Title: Rule Based Fuzzy Systems and Applications
1. Basic concepts, operations and relations;
2. Classic fuzzy rule based system;
3. Decision making and control in fuzzy signature set rule bases; and
4. Example of applications.

Speaker Biography Laszlo T. Koczy received the M.Sc., M.Phil. and Ph.D. degrees from the Technical University of Budapest (BME) in 1975, 1976 and 1977, respectively; and the D.Sc. degree from the Hungarian Academy of Science in 1998. He spent his career at BME until 2001, and from 2002 at Szechenyi Istvan University (Gyor, SZE).
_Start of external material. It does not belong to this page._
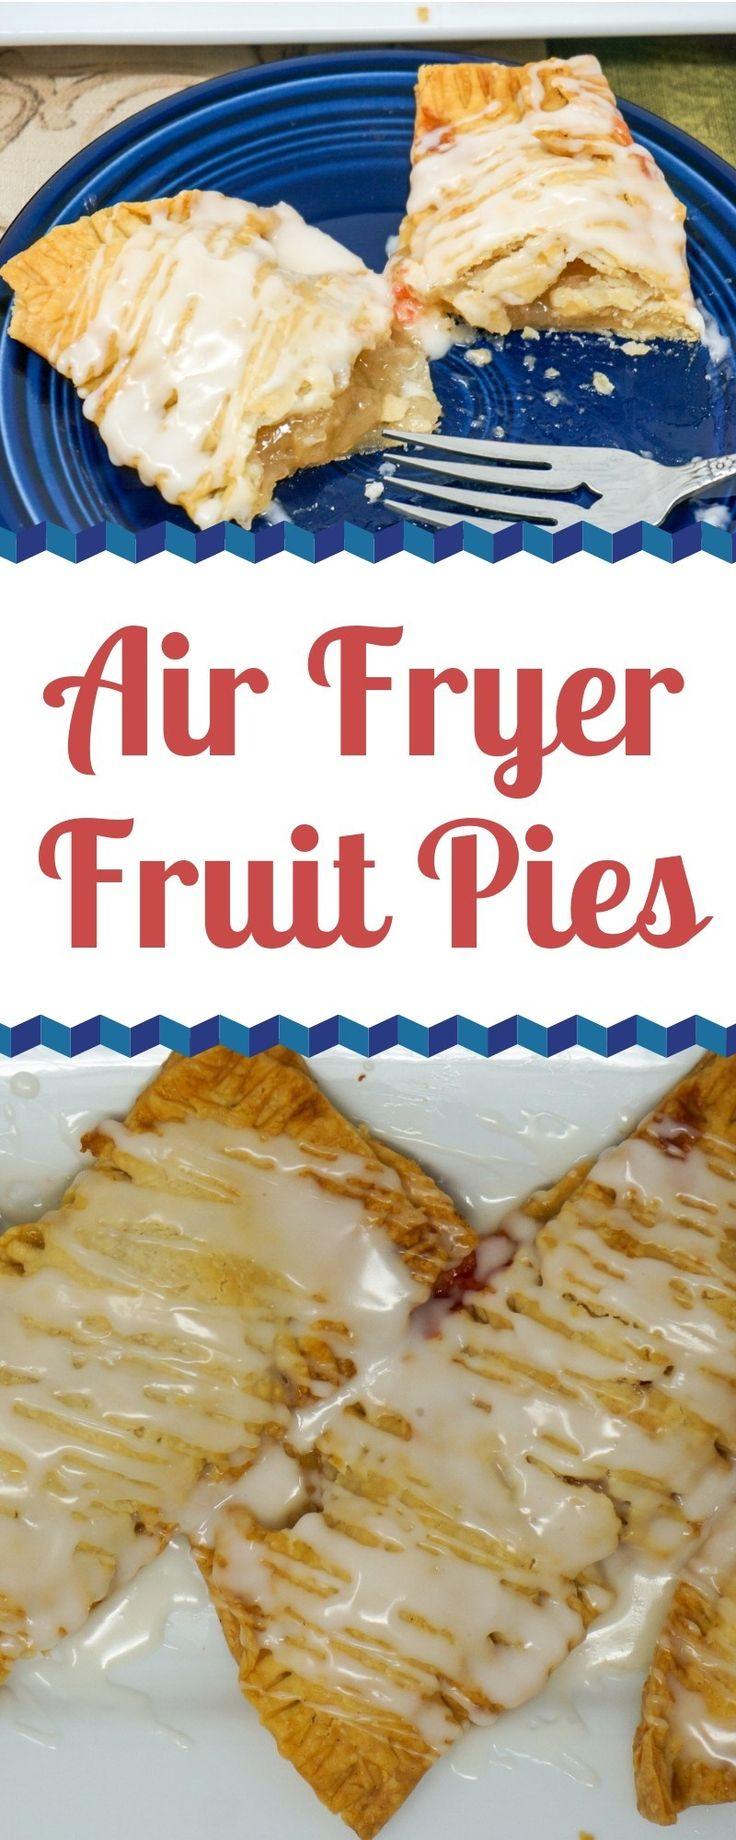 Air Fryer Fruit Pies – Klassische gebratene Torten, die in der Air Fry leichter und knuspriger gemacht werden …   – Air fryer recipes

He has been from 2002 to 2011 Dean of Engineering, and from 2013 to current President of the University Research Council and of the University Ph.D. Council. From 2012 he has been a member of the Hungarian Accreditation Committee (for higher education), appointed by the Prime Minister, and elected Chair of the Engineering and Computer Science sub-committee, member of the Professors and Ph.D. sub-committee, and has been a member of the National Doctoral Council since 2012.
Area: Web Intelligence & Social Computing
Abstract: TBC
Dr. King is Professor at the Department of Computer Science and Engineering, The Chinese University of Hong Kong. He received his B.Sc. degree in Engineering and Applied Science from California Institute of Technology, Pasadena and his M.Sc. and Ph.D. degree in Computer Science from the University of Southern California, Los Angeles. His research interests include machine learning, social computing, web intelligence, data mining, and multimedia information processing.